The Usage Analytics plugin is a mandatory plugin for every configuration. To ensure customer consent, the IAM CLI now requires users to explicitly choose whether they want to enable Licenses Analytics or Usage Analytics. Based on this consent, the CLI automatically adds and configures the Usage Analytics plugin during the following operations:

  • init
  • upgrade
  • reset

The CLI supports two methods how the CLI can be used to configure the Usage Analytics plugin:

  • IAM_ANALYTICS_MODE is an environment variable. If this variable is present during the CLI operation, the setting will be applied.
  • -a or --analytics is a command line option. If the command line option is present during the CLI operation, it will override the environment variable, and the setting will be applied.

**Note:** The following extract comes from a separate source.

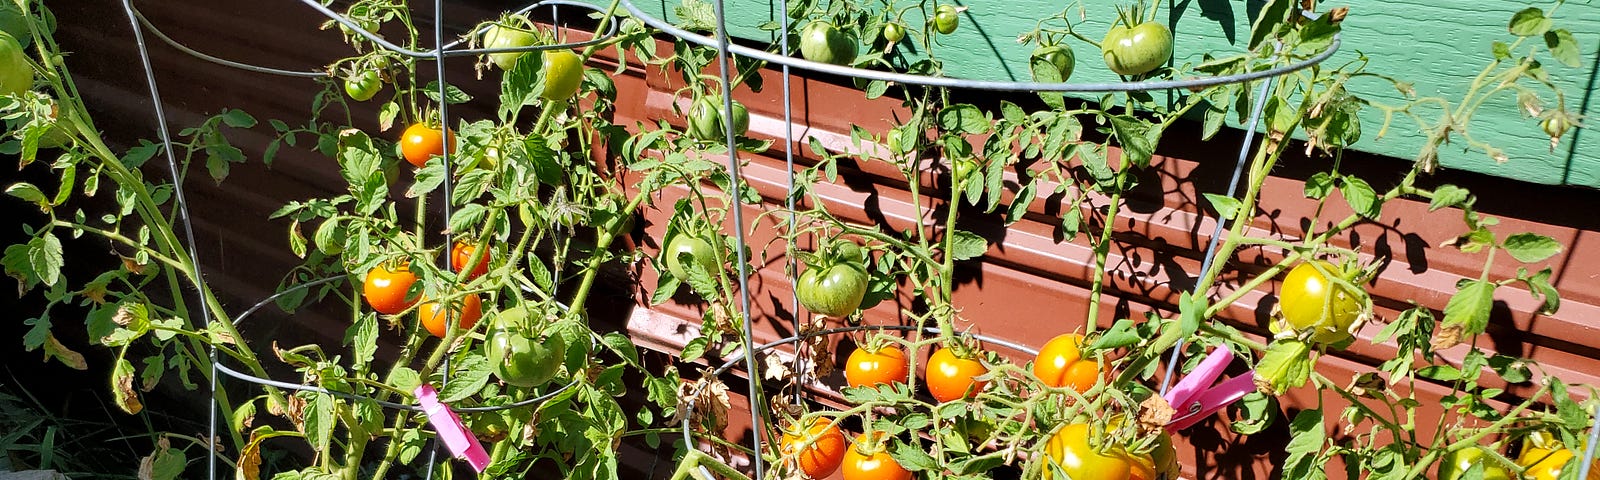 Three tomato plants in tomato cages with ripening tomatos in containers against a mobile home wall painted green and reddish brown. A purple pool noodle runs at the base of the tomatoes through the cages.

Both environment variable and command line option can be set to two values:

  • LICENSE_DATA will enable License Analytics
  • USAGE_DATA will enable Usage Analytics.

 
Example

Directly on the command line:

./bin/iam init -a USAGE_DATA -c DEMO.config

or in a shell script:

export IAM_ANALYTICS_MODE="USAGE_DATA"
./bin/iam init -c DEMO.config

Example license analytics data

The following example shows what data is included in the license analytics data. Note that it has been abbreviated for easier readability.

 
Example
{
  "createdAt": "2025-08-26T16:18:16.393+01:00",
  "iamVersion": "8.5.0",
  "license": {
    "licenseText": "-----BEGIN LICENSE-----\neJyNVtlyo0gW/ZUJP0-----END LICENSE-----
    "structured": {
      "bundles": [
        "API_ACCESS_MANAGEMENT",
        "IDM",
        "FEDERATION_IDP_OP",
        ...
      ],
      "environment": "Development and Integration",
      "issuedOn": "2024-12-01",
      "licensedInstances": 100,
      "licensedMac48Addresses": ["11:22:33:44:55:66"],
      "licensedTags": [
        "OAuthSocialRegistration",
        "OAuthTokenExchange",
        "OAuthAccountLinking",
        "OAuthClient",
        "OAuthServer",
        ...
      ],
      "licensedUsers": 100,
      "owner": "Airlock PD IAM",
      "validFrom": "2025-01-10",
      "validUntil": "2025-12-31"
    }
  },
  "runningInDocker": false,
  "usageAnalyticsEnabled": true,
  "userCount": 12
}

Further information and links

  • See IAM Command-Line Interface CLI for more information about the Airlock IAM CLI.
  • Run ./bin/iam init --help for detailed information on the usage analytics CLI option.